Total intravenous anesthesia (TIVA) for children is improving with the addition of remifentanil. The pharmacokinetics in children are being worked out such that computer targeted infusions for certain serum levels can be employed to prevent prolonged awakening.¹¹ With the addition of a context insensitive drug like remifentanil this will make the variability less, but the challenge is still to program pumps to set a ratio between propofol or remifentanil. Costs of TIVA in small children are low; and its practice is environmentally friendly. Those working around the airway, such as with an otorhinolaryngologist performing bronchoscopy, appreciate conditions where minimal volatile agent or nitrous oxide are present. Five-fold increases above levels suggested by government regulations for safety are found during bronchoscopy with halothane anesthesia.¹⁹ A typical combination used in our institution for spontaneous ventilation during broncoscopy is to use a single syringe with propofol and remifentanil in a ratio of 10 mg of propofol with 2.5 µg of remifentanil. By titrating the dose of propofol from 200 to 400 µg•kg^–1•min^–1 the remifentanil will be running at 0.05 to 0.1 µg•kg^–1•min^–1. This usually provides for a rapid induction and good conditions for bronchoscopy. More studies comparing TIVA and the newer inhalational agents will be forthcoming to help guide further practice.

Muscle relaxation

With the addition of more short-acting anesthetic agents, we now have an ability to give better quality anesthesia and do not have to depend on muscle relaxants to "cover" for anesthesia.
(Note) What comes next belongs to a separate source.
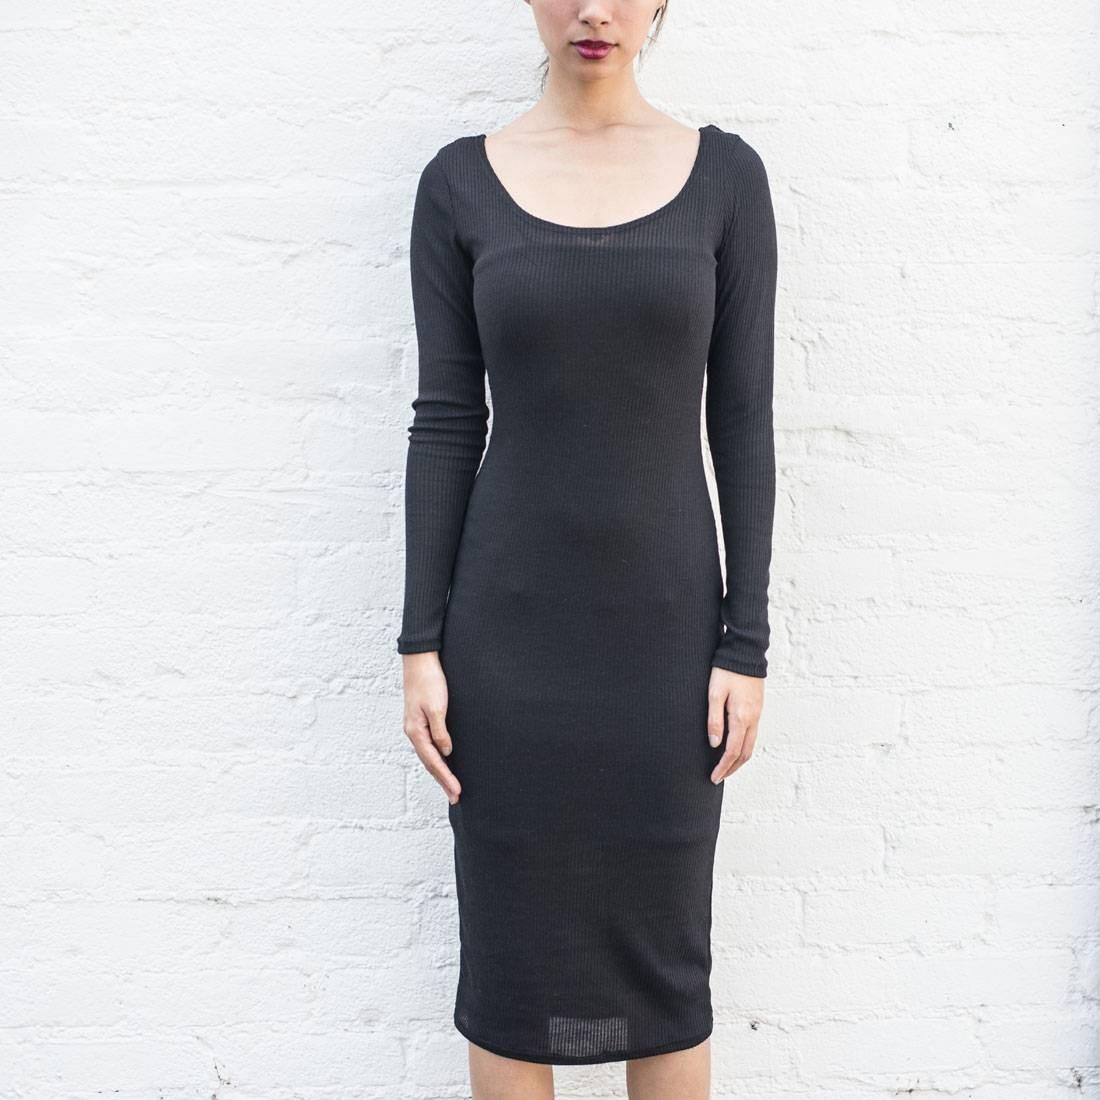 ベイト BAIT ドレス 黒 ブラック 【 BLACK BAIT WOMEN BODY CON DRESS WITH INNER SLIP MADE IN LA 】 レディースファッション ワンピース

Endotracheal intubation is greatly facilitated by either the use of sevoflurane or propofol and remifentanil in combination, and we can avoid the routine use of muscle relaxants.²⁰ When we do need to use relaxants short-acting agents with predictable metabolism such as cisatracurium would be a good choice. Rocuronium seems the best agent for rapid sequence induction. Even the emergency use of succinylcholine for laryngospasm can be reduced by the ability to give repeated doses of propofol. Rapacuronium was not approved for use in Canada because of severe bronchospasm in many children.

Local anesthetics

Local anesthetics depend on maturation of cytochrome metabolism, which is immature in the neonate. Ropivacaine is clinically available and has advantages, which include less motor block and likely a wider therapeutic index in neonates. Tetracaine 4% gel has a faster onset with less vasoconstriction than a lidocaine/prilocaine formulation.²¹

Conclusion

Newer drugs and the study of their pharmacology in pediatric anesthesia are helping us to provide excellent care. We are able to practice both anesthesia and reanimation while wasting little of the valuable facility resources. Sevoflurane has challenged halothane for safer inhalational inductions, while being faster with onset and recovery. Intravenous anesthesia also has many attributes in pediatrics. With careful planning for analgesia, and the appropriate use of adjuvants a controlled emergence from anesthesia can be obtained. This should remove the reluctance of many to move beyond halothane.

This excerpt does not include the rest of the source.